Seven Minute Frosting I

This recipe is for a classic Seven Minute Frosting I. It’s a light and fluffy frosting that is perfect for decorating cakes or cupcakes. This recipe is easy to follow and only takes a few minutes to make.


  • 2 egg whites
  • 1 cup sugar
  • 1/4 cup cold water
  • 1 teaspoon light corn syrup
  • 1 teaspoon vanilla extract


In a double boiler, whisk together egg whites, sugar, water and syrup.

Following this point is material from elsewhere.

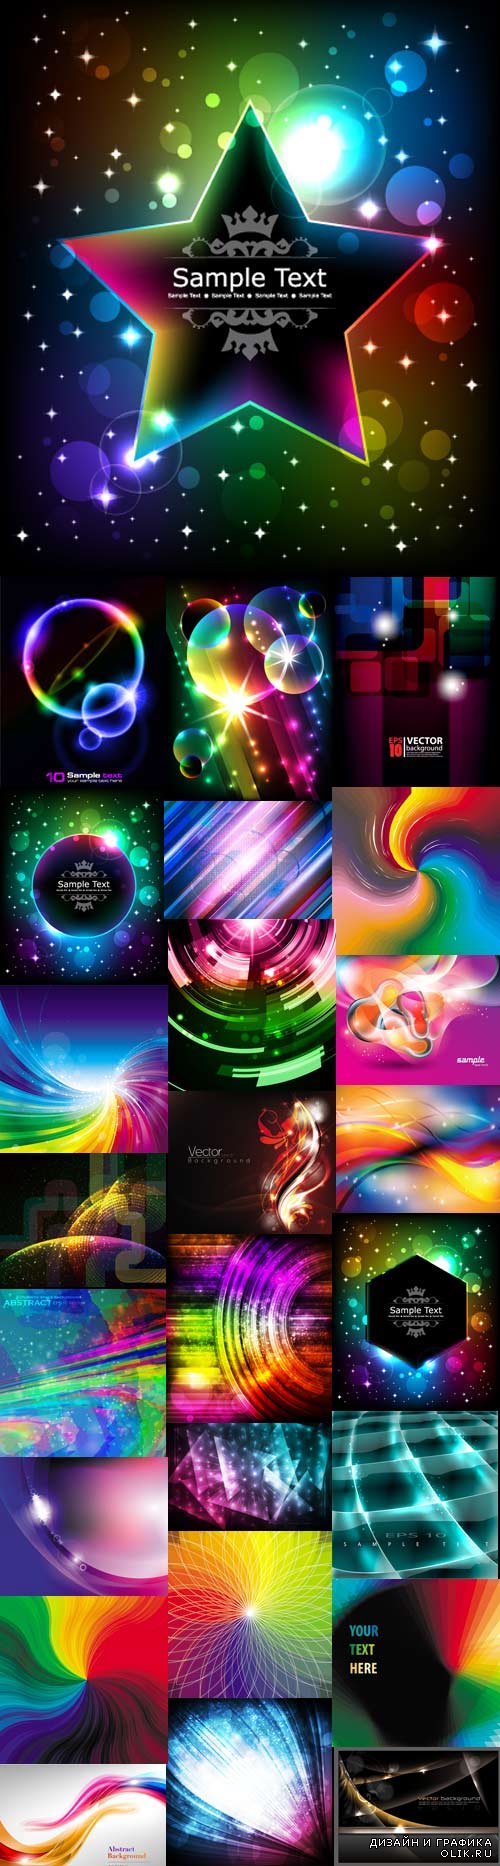 Bright colorful abstract backgrounds vector
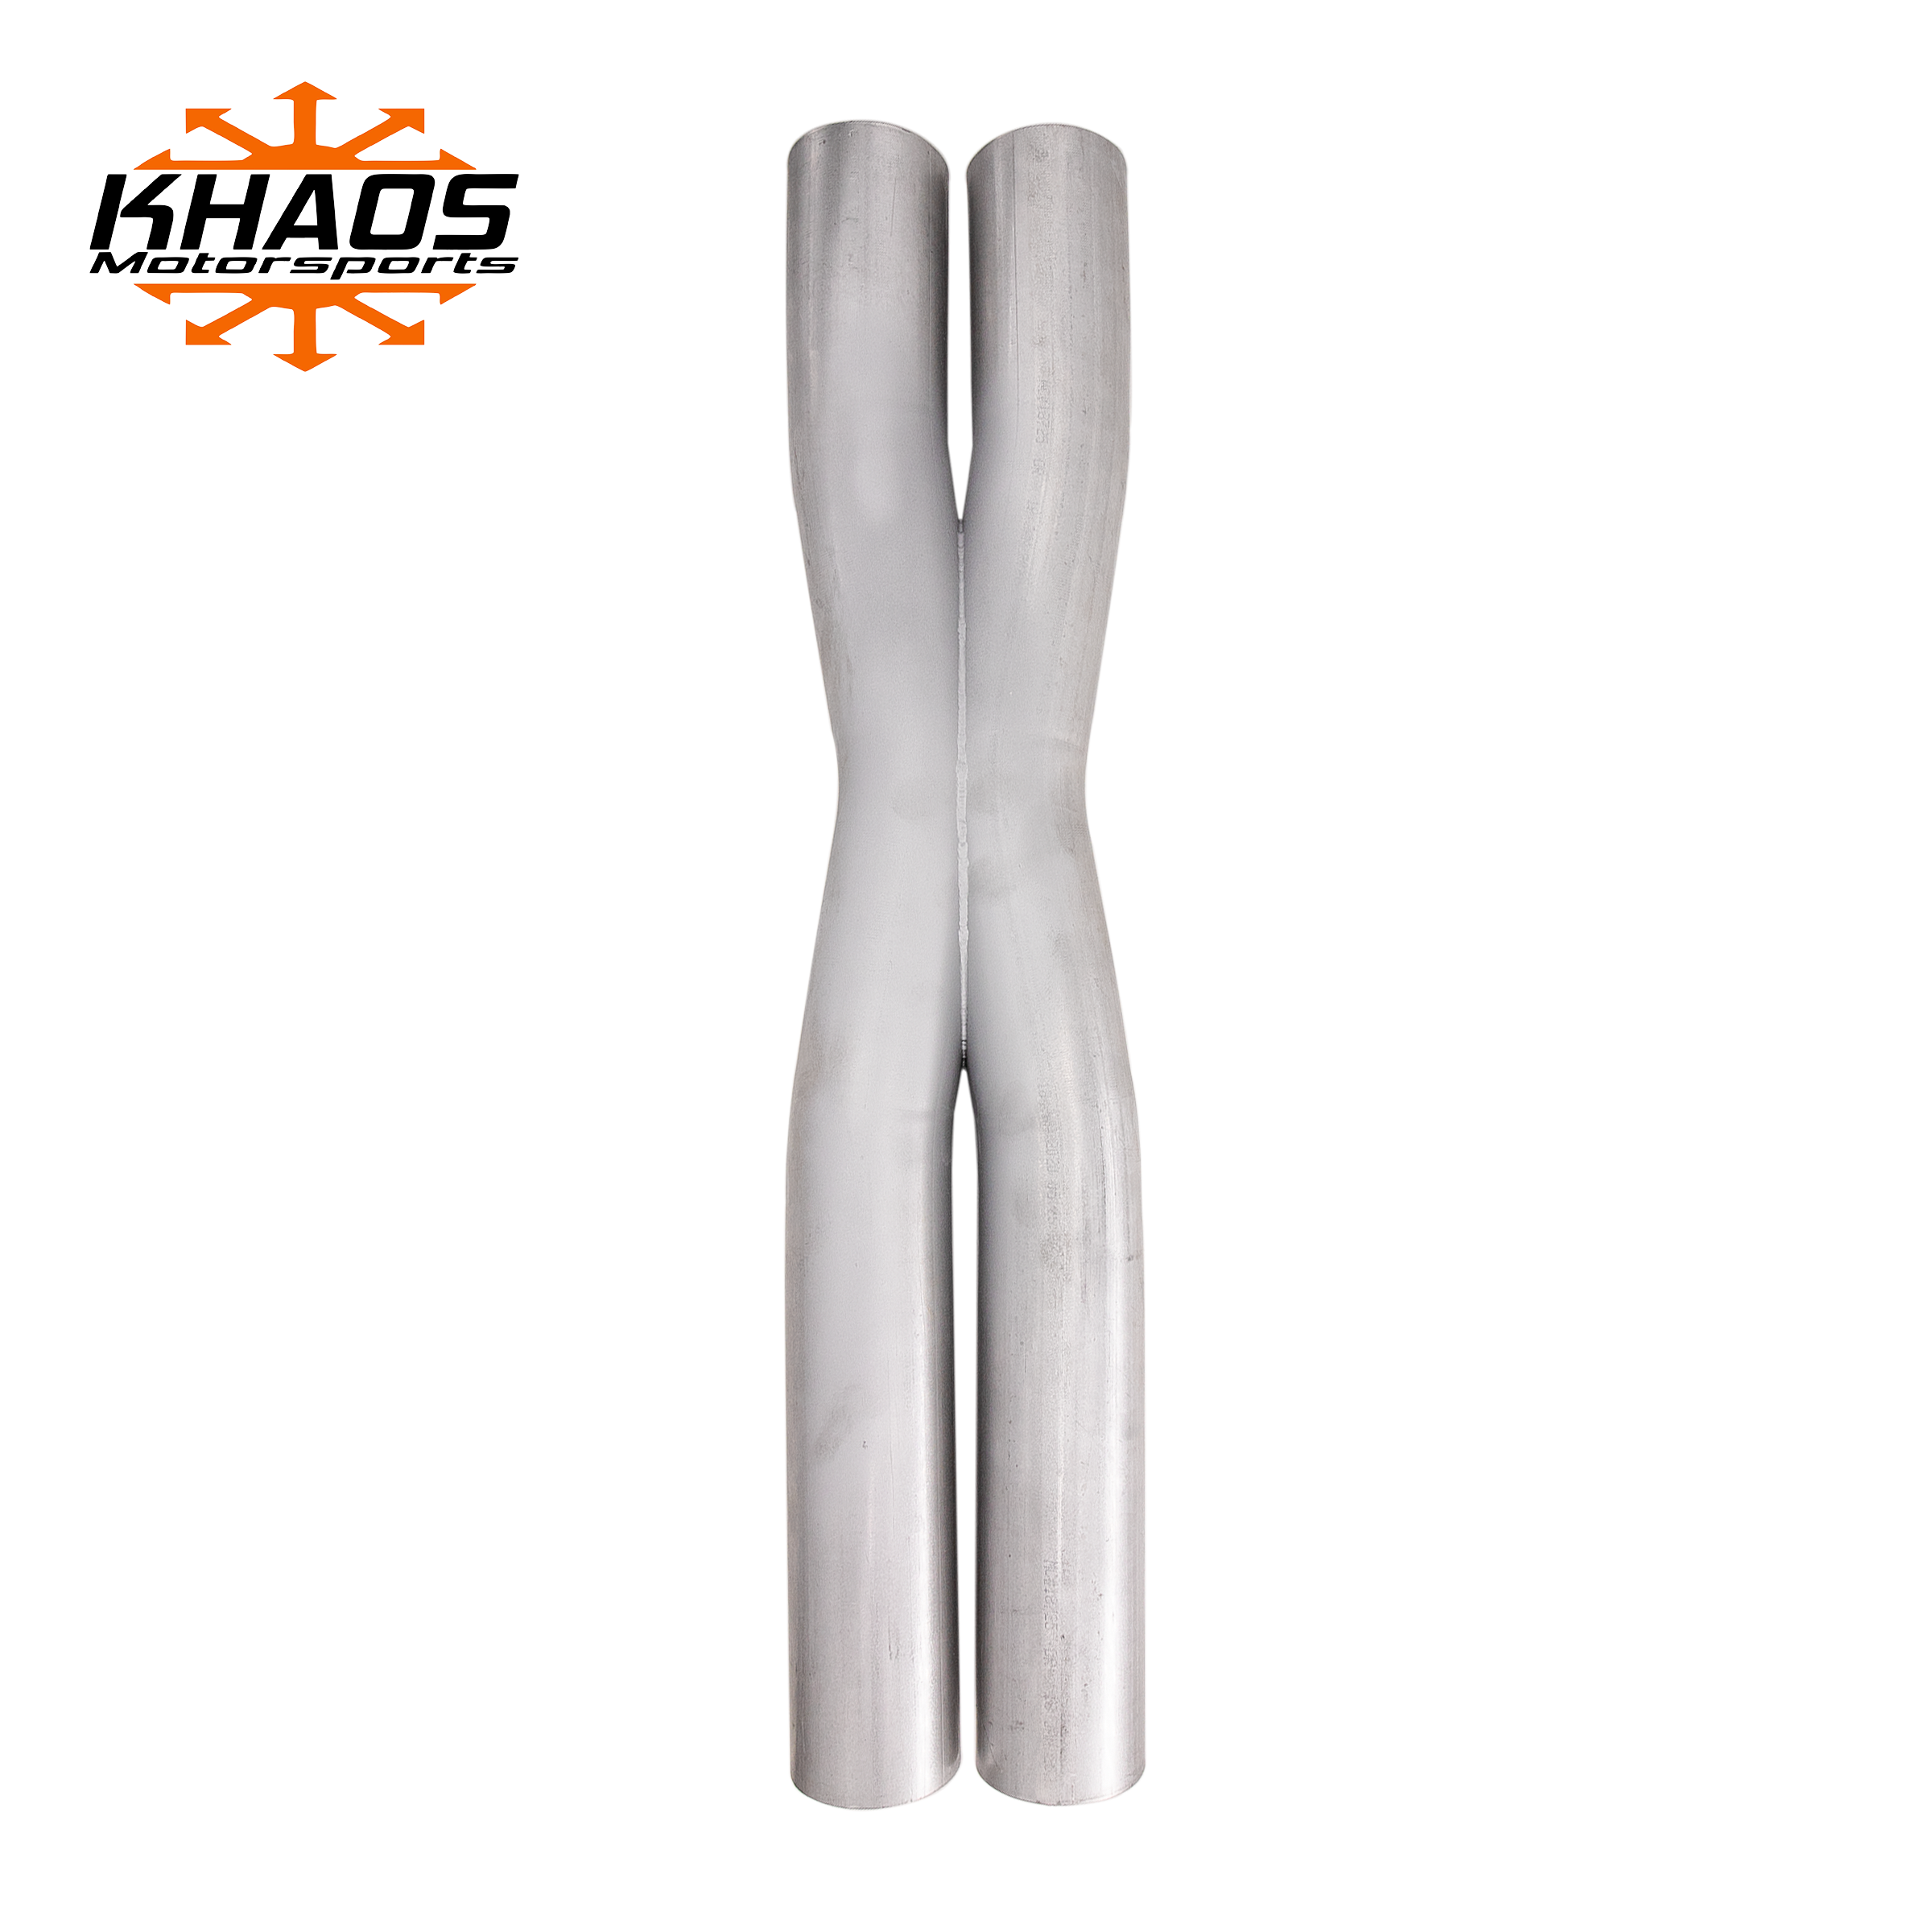 Dodge Charger And Challenger 3 Aluminized Steel Mandrel Bent Crossove Khaos Motorsports

Beat mixture until blended well. Place the double boiler over rapidly boiling water and continue to beat mixture constantly with an electric beater for 7 minutes or until it forms peaks when the beater is raised. Remove from heat and stir in vanilla extract. Beat frosting again briefly. This recipe will fill and frost a two-layer cake that is 8 or 9 inches wide.

Nutrition Facts

  • Serving size: 1/12 of recipe (about 2 tablespoons)
  • Calories: 90
  • Fat: 0 g
  • Sodium: 15 mg
  • Carbohydrates: 23 g
  • Sugar: 22 g
  • Protein: 1 g
Seven Minute Frosting I

Is 7 Minute Frosting the same as Swiss meringue?

Yes, seven-minute frosting is the same as Swiss meringue. Both are made with egg whites and sugar cooked over a water bath, then whipped into a glossy meringue. The only difference is that seven-minute frosting is cooked for a shorter time, resulting in a softer texture.

Is 7 Minute Frosting safe?

7 Minute Frosting is a type of icing made from egg whites, sugar, and cream of tartar. It’s safe to eat and delicious, but it can sometimes look less than perfect.

If you’re storing a cake that’s iced with 7 Minute Frosting, it’s best to keep it uncovered. This will help prevent the frosting from sticking to plastic wrap or anything else that comes into contact with it.

See also  Special Buttercream Frosting

What is the difference between Italian Meringue Buttercream and Swiss meringue buttercream?

There are a few key differences between Italian meringue buttercream and Swiss meringue buttercream. The first difference is in the way that the meringue is made. For Italian meringue, sugar syrup is mixed into whipped egg whites and beaten to stiff peaks. This mixture is then cooled before being used as the base for the buttercream. Swiss Meringue, on the other hand, is made by whisking together sugar and egg whites until all of the sugar has dissolved. This mixture is then heated until it reaches a temperature of 160 degrees Fahrenheit before being used as the base for the buttercream.

The second difference between these two types of buttercream lies in their consistency and texture. Because Italian meringue contains cooked sugar syrup, it tends to be smoother and less sweet than Swiss meringue which can sometimes be grainy due to undissolved sugar granules. Additionally, Italian meringue buttercream will hold up better in warmer climates since cooked sugars are more resistant to melting than uncooked sugars.

How do you keep 7 minute frosting from getting grainy?

When making 7 minute frosting, it’s important to prevent crystals from forming and the icing from becoming grainy. One way to do this is to use a pastry brush to wipe the side of the top of the double boiler with water. This will help ensure that your frosting turns out smooth and creamy.

Should you refrigerate a cake with 7 minute frosting?

No, you should not refrigerate a cake with 7 minute frosting. The advantage of seven-minute frosting is that it’s fast, not long-lasting. It doesn’t hold for much longer than 24 hours at cool room temperature. Refrigeration will not help extend the life of the frosting.